Пришла очередь третьего поколения, нашего. Оно начало писать после оккупации или перед войной. Перед разговором о нем я должен определить климат, в котором они появились.
Сначала о литературном климате. Наш небосклон населяли присоединившиеся, экстремисты и радикалы. Любая из этих звезд влияла на землю, и, объединившись, они создавали вокруг нас самое странное, самое иррациональное, самое противоречивое восприятие литературы. Это представление, которое я бы назвал объективным явлением эпохи. Мы вдыхали его с воздухом нашего времени. Несмотря на старания наших авторов не походить друг на друга, их произведения, соседствуя в умах читателей, взаимодействуют. Помимо этого, даже при глубоких и резких различиях, у них было достаточно и общих черт.
Самое удивительное, что ни радикалы, ни экстремисты вообще не задумываются об истории. И при этом одни считают себя прогрессивными левыми, а другие левыми революционерами. Первые оказались на уровне кьеркегоровского повторения, а вторые – на уровне сиюминутности, ложного синтеза вечности и бесконечно малого настоящего.

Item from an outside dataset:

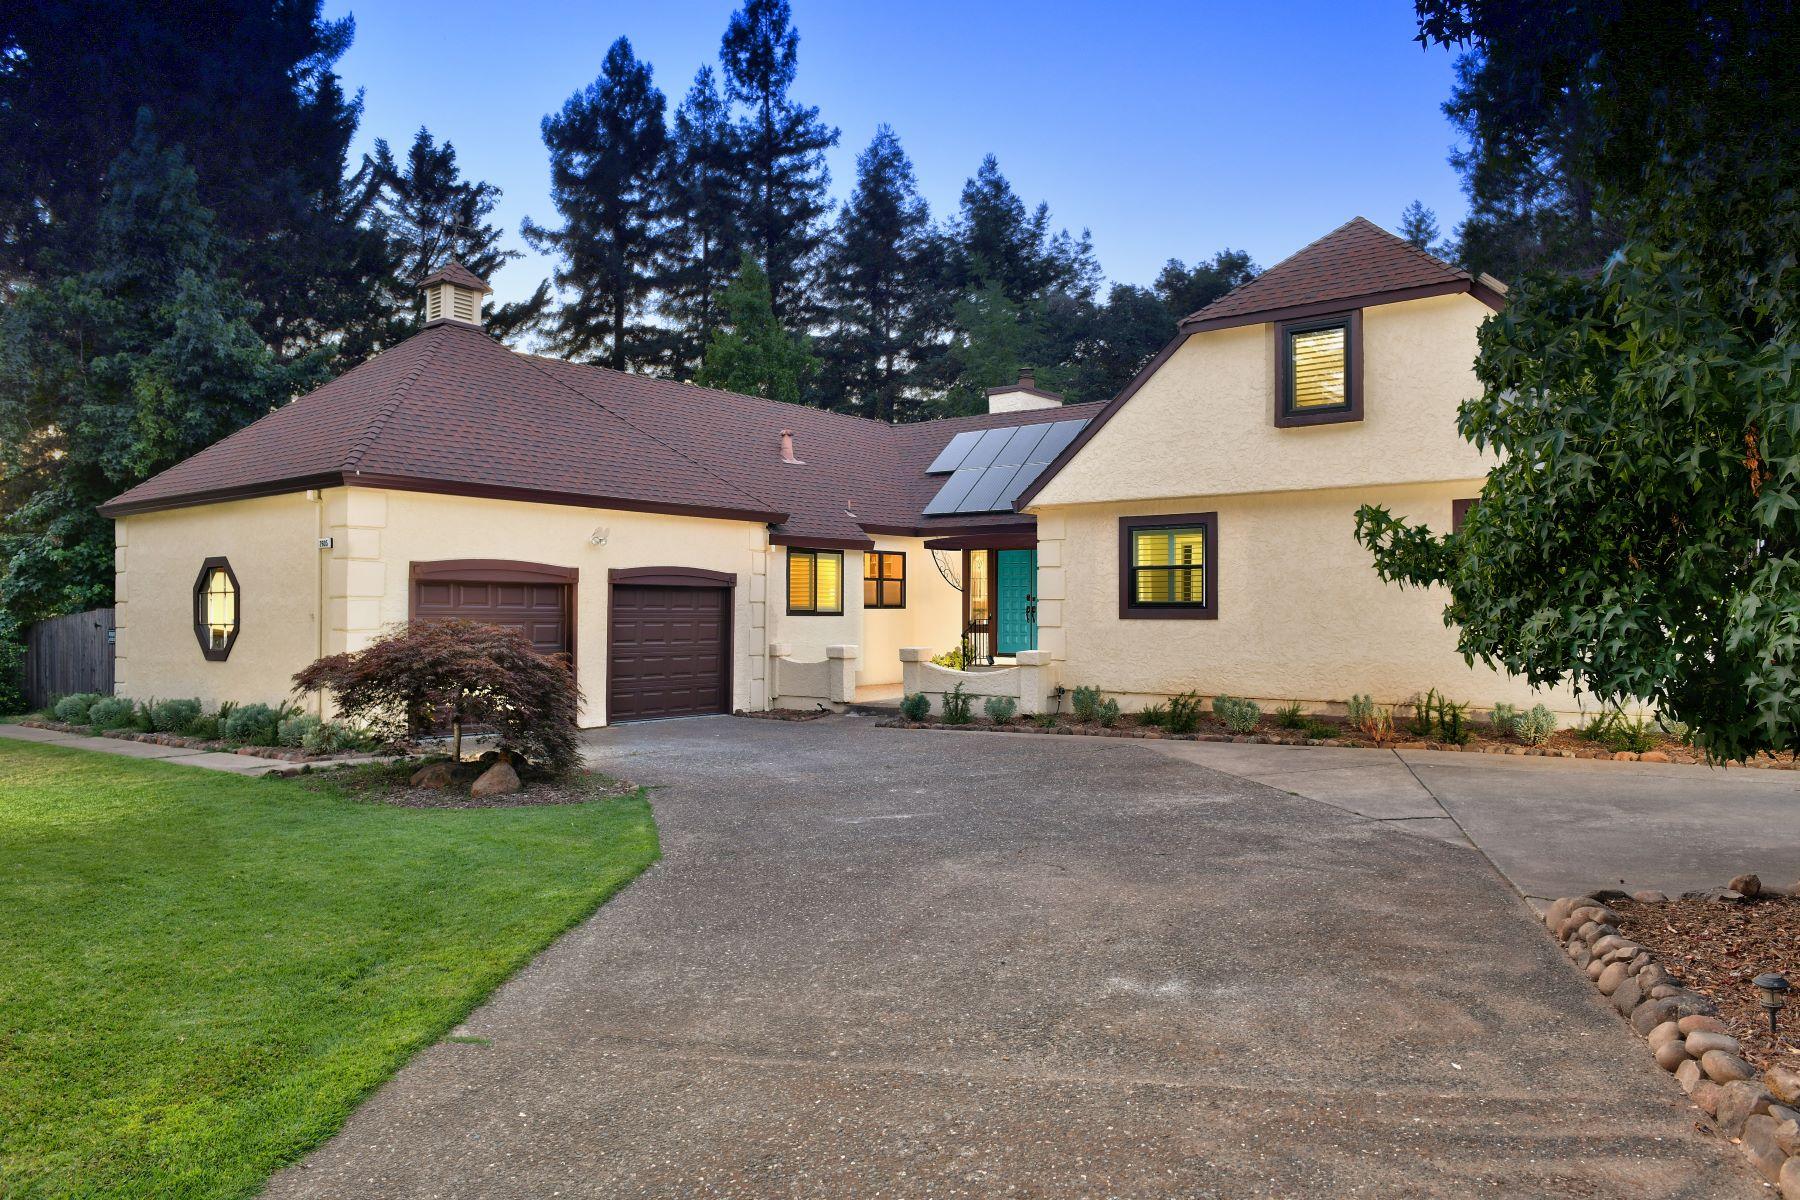 Single Family Homes for Sale at Elegant Knob Hill Tudor 2605 Knob Hill Drive Santa Rosa, California 95404 United States

Когда влияние истории было неумолимым, только литература присоединившихся проявляла некоторый интерес к истории и историческое чутье. Но им нужно было оправдать привилегии, они увидели в развитии общества только влияние прошлого на настоящее. Сегодня мы знаем, что причины этого выбора имеют социальный характер. Сюрреалисты – клирики. Мелкая буржуазия не имеет традиций и будущего, а крупная буржуазия уже завершила свою победоносную фазу и старается только. Удержать свое господство. Но обе эти позиции стремились создать объективный миф, по которому литература должна говорить на вечные и, уж во всяком случае, не актуальные темы. К тому же в распоряжении писателей старшего поколения была лишь техника романа, которую они получили от девятнадцатого века. А мы уже видели, что она противостоит историческому подходу к общественному развитию.
Традиционными приемами пользовались примкнувшие и радикалы: первые – по той причине, что были моралистами и интеллектуалами, намеревались докопаться до причин, вторые – потому, что такая техника соответствовала их задачам. Она планомерно отрицала всякие перемены, фетишизировала буржуазные добродетели, за чередой напрасных смут она не давала возможности различить контуры таинственного поэтического порядка, который они хотели приоткрыть в своих творениях. Эта техника позволяла новым Элеатам писать в противовес времени, противостоять переменам, сбивать с толку пропагандистов и революционеров, развенчивая их начинания как череду анахронизмов. Все мы усвоили эту технику, поглощая их книги, поначалу мы не представляли себе другой.